Missing from the Feminist Conversation
It should have been an exciting night. Anita Hill and Letty Cottin Pogrebin were scheduled to be in conversation about “Faith, Feminism, Race and the Ties that Bind” under the auspices of the Hadassah-Brandeis Institute and Interfaithfamily.com. But the two women sat in armchairs on the stage of the Levin Theater in Brandeis University’s student center earlier this month, lecturing the audience of 150 or so mostly middle-aged women about feminist history, rather than engaging in the deep conversation I expected to hear.
Anita Hill became a feminist icon in 1991 when she accused United States Supreme Court nominee Clarence Thomas of sexual harassment. In the intervening years she has settled into a professorship at Brandeis University where she is the school’s professor of Social Policy, Law and Women’s studies. She also has appointments in the Heller School for Social Policy and Management and in the Women’s Gender and Sexuality program.
Letty Cottin Pogrebin has feminist bona fides that include her role as co-founder of Ms. Magazine. The author of 11 books, her latest novel, “Single Jewish Man Seeking Soul Mate” served as a springboard for discussion. The book’s protagonist is the son of Jewish Holocaust survivors who promises his mother he will marry a Jew and raise Jewish children. Instead he falls in love with a radical African-American feminist, the daughter of a Baptist minister and a civil rights activist mother.
Pogrebin noted that the book’s premise was inspired by her daughter who fell in love with a devout Catholic two decades ago. “I was sideswiped by my own reaction,” Pogrebrin said. “I think of myself as an open-minded person, but on this issue I was a Jewish absolutist who wanted Jewish grandchildren. But I also told my daughter, ‘I can’t lose you over this. I will learn to love him.’”
Pogrebin saw her dilemma as part of the “old school” fear of intermarriage. Hill asserted that the promise to marry within the fold pointed to the overarching issue in the book. “At its core,” she said, “what do we owe our parents in maintaining their heritage, culture and religion?”
It didn’t take the women long to make the leap from the topic of familial duty to the attendant issues of contemporary feminism. However, what surprised me was how fiercely Pogrebin, and to some degree Hill, was out of touch with the contemporary feminist agenda. “This is a generation,” Pogrebin declared, “that defines issues I feel are retrograde. [They see] piercing their navels as a statement of freedom and equality.” Rather than simply criticize, I had hoped the women would examine, for example, the millennial reluctance to label themselves as feminists and what that means going forward for women in general.
Towards the end, the conversation became more accessible, more heartfelt.

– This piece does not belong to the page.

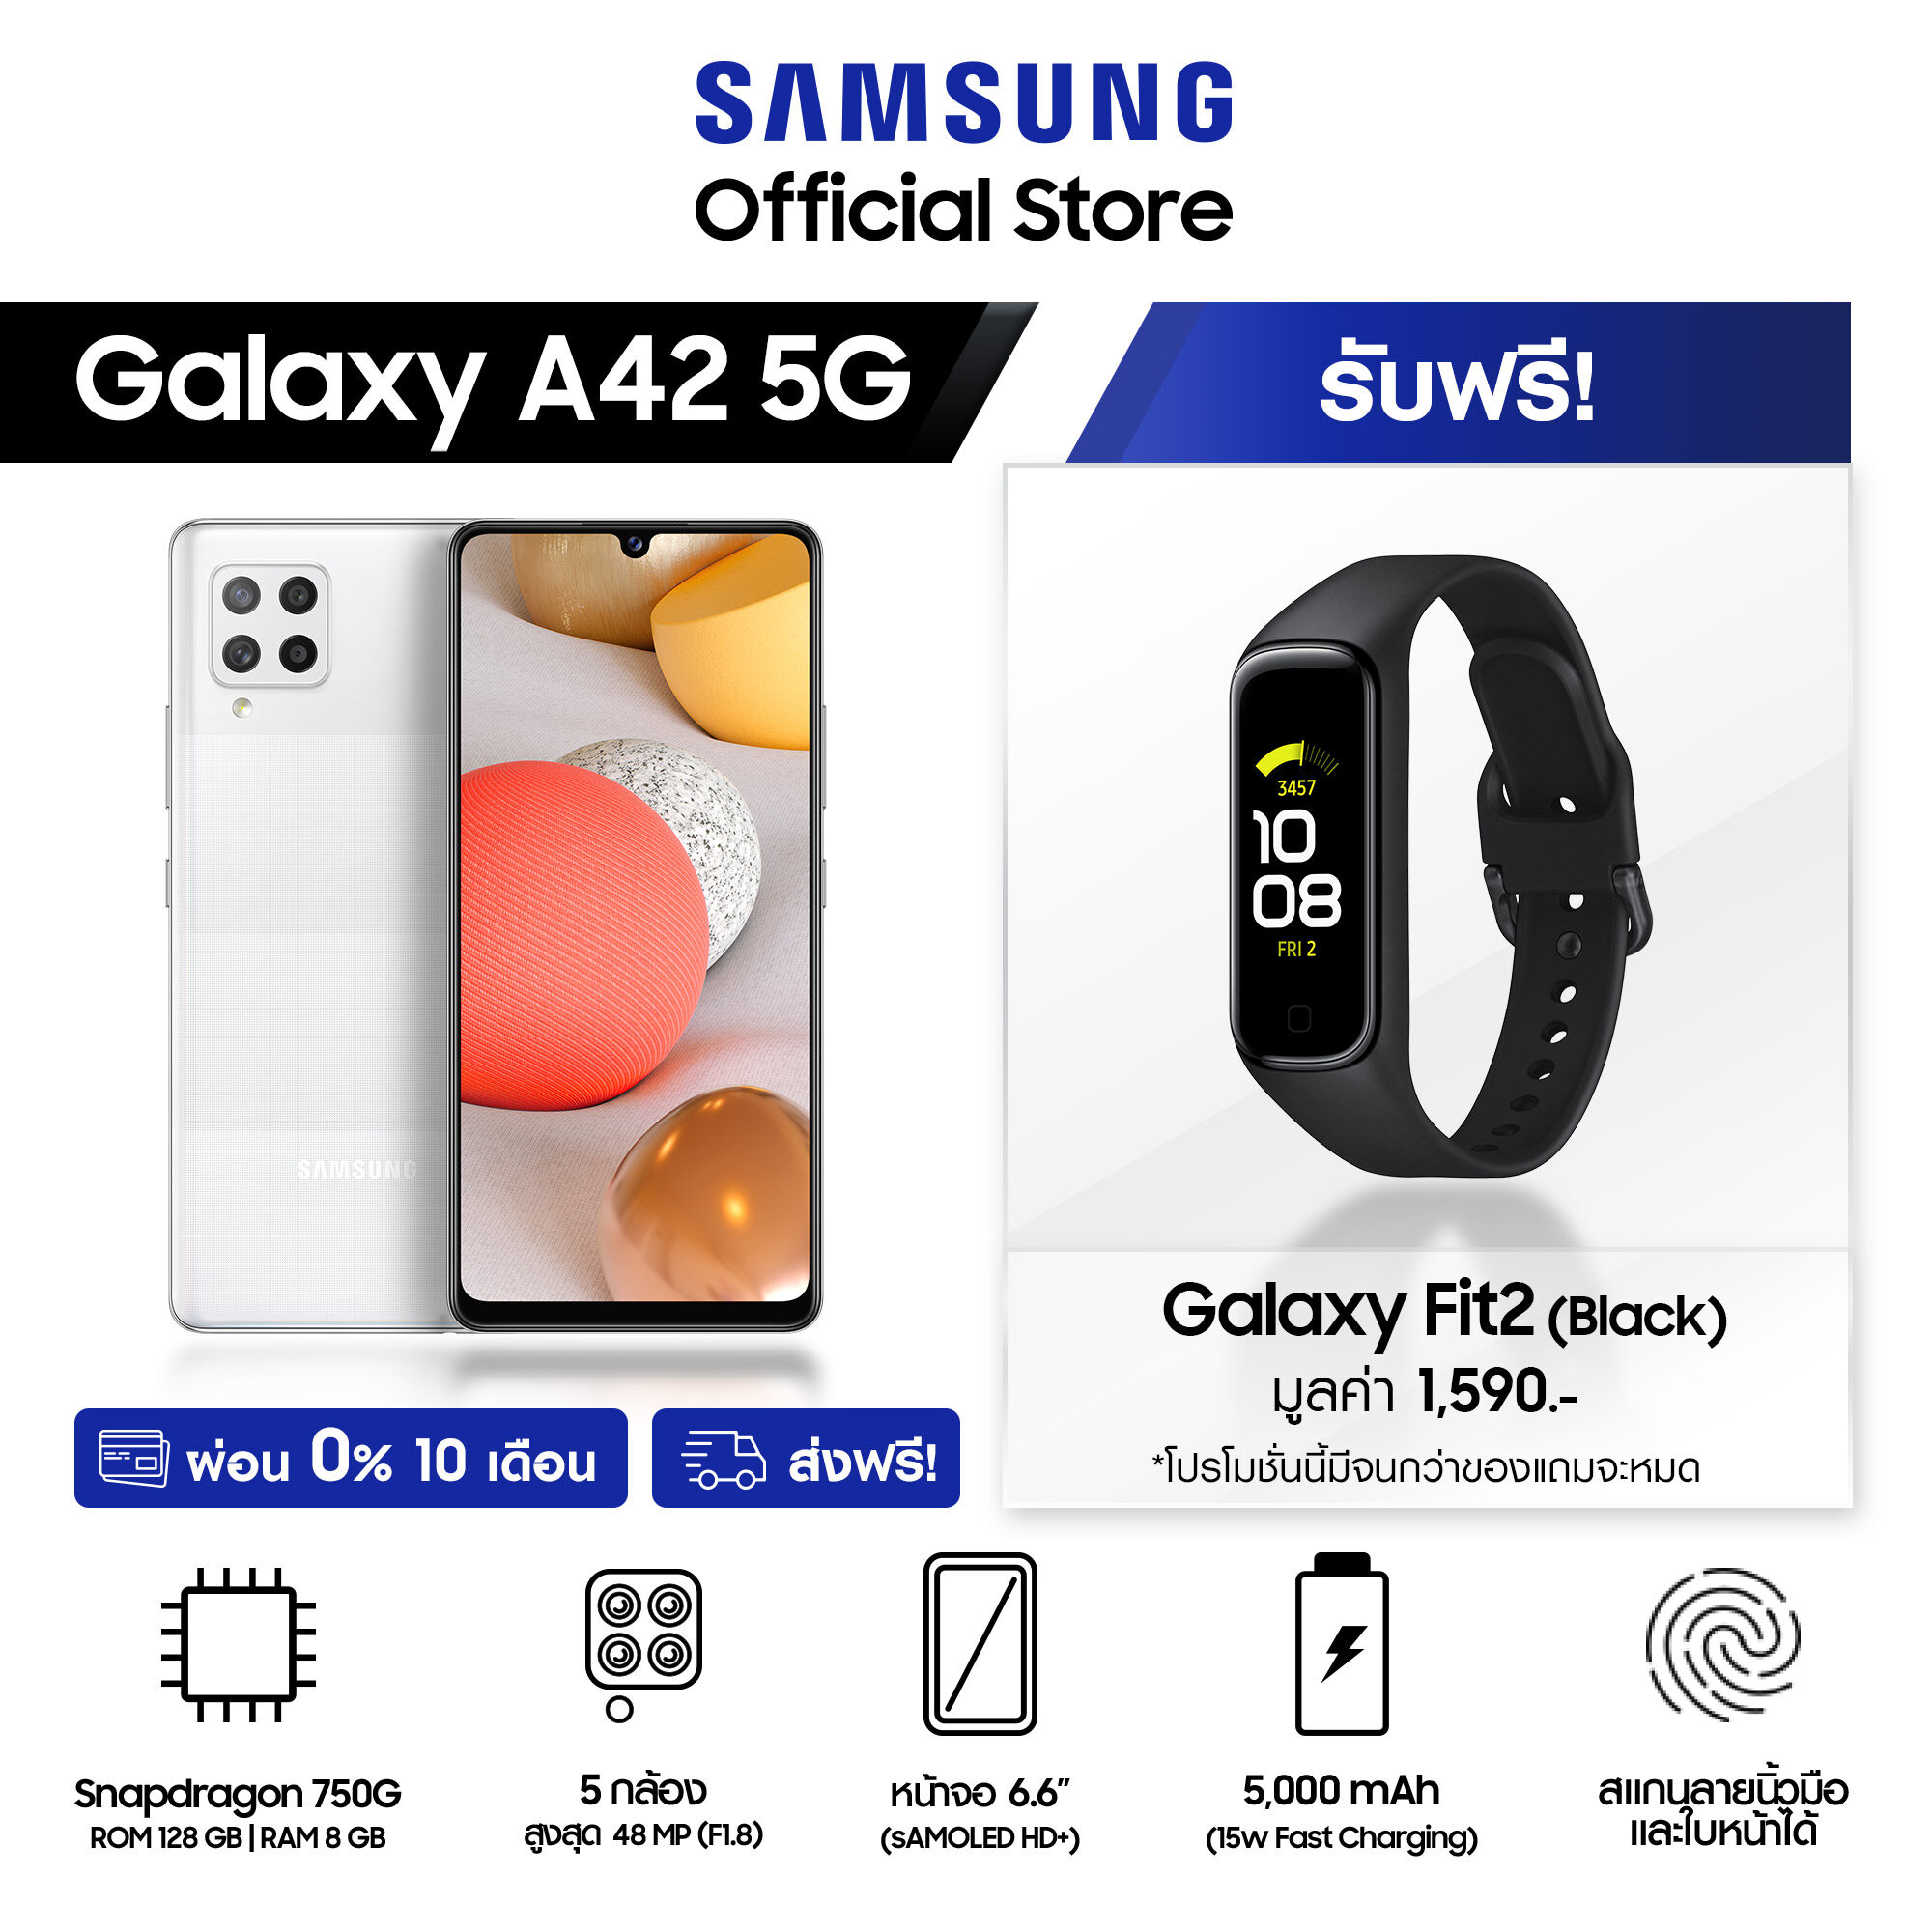 Samsung Galaxy A42 5G 8/128 GB แถมฟรี Samsung Galaxy Fit2-Black มูลค่า 1,590 เริ่มจัดส่งวันที่ 17 พฤศจิกายน 63 เป็นต้นไป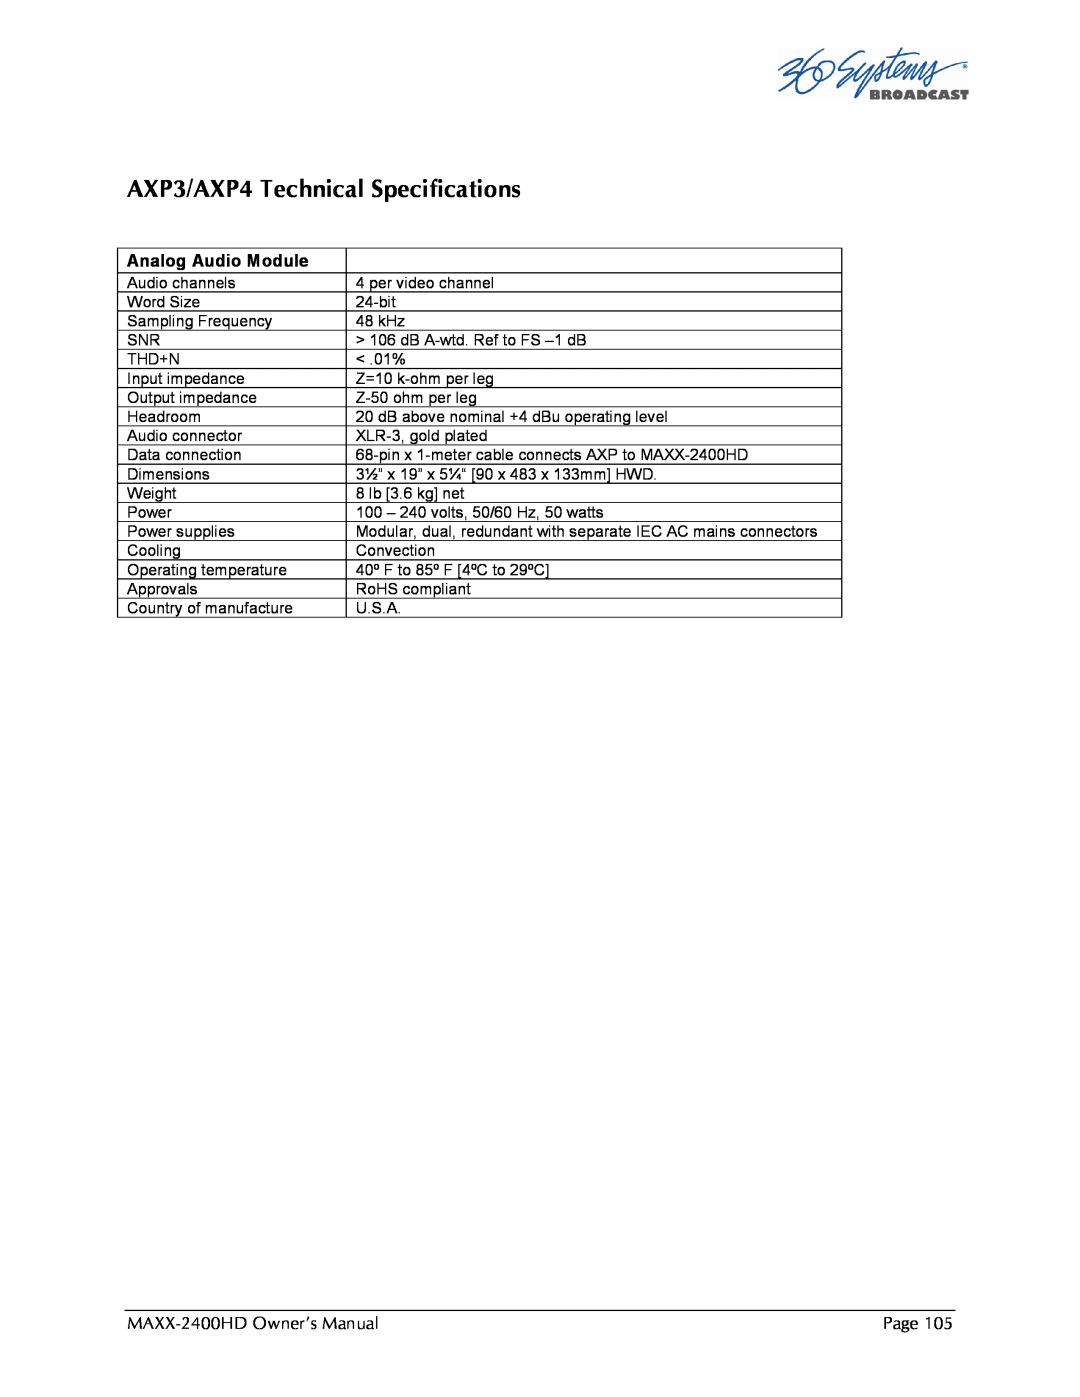 Maxxsonics manual AXP3/AXP4 Technical Specifications, Analog Audio Module, MAXX-2400HDOwner’s Manual

Hill shifted away from her professorial stance. Pogrebin left behind her nostalgia for first wave feminism and disdain for the lipstick feminism of younger feminists. The women told stories about the price of silence. Hill’s uncle told her about the time her grandparents were forced to leave rural Arkansas after her grandfather was threatened with lynching. “After he told me,” Hill noted, “my uncle said you’re not going to use this in your book. They might use it against you. The fear and the terror were still with him. What do our parents owe us in terms of telling us about our heritage and maintaining our history? The Black Lives Matter movement tells stories that are startling to their elders.”
As a second-generation Holocaust survivor, Pogrebin experienced a similar silence and saw the same kind of fear in her family. “Holocaust households often didn’t get answers. For us there was nothing romantic about [a trip] to Europe. The specifics about the Holocaust were not mentioned or discussed. We absorbed the fear. The thought was that if we don’t talk about it; it won’t happen again.”
And at the end of the evening, Pogrebin gave a nod to Interfaithfamily.com’s mission with a plea for Jewish continuity. “If we want our grandchildren to be Jewish we must make Judaism meaningful.” How do we do that? “Dig deep into texts, be willing to engage with the negativity of some of the [bible] stories. We need children perpetuating Judaism.”
To their credit, the women left their audience with a burning question: Where is the next feminist movement? Pogrebin saw choice as the next challenge for women of all cultures and backgrounds. “You can’t be shackled to biology if it doesn’t fit your life plan. If you’re not free in your own skin, you’re not free in your own country.” Hill was concerned with the history of sexism, bias and misogyny that is built into the workplace, housing and educational system. “People of good will getting along, she noted, cannot eradicate these issues. We have to examine our institutions.”
The reality is that women have been divided over feminism since the Suffragettes, which makes conversations about the future of feminism all the more imperative. It felt to me like a wasted opportunity not to have prominent feminists like Hill and Pogrebin directly address that topic. Perhaps it’s time to place a third chair on the stage for a millennial feminist also to engage in that conversation.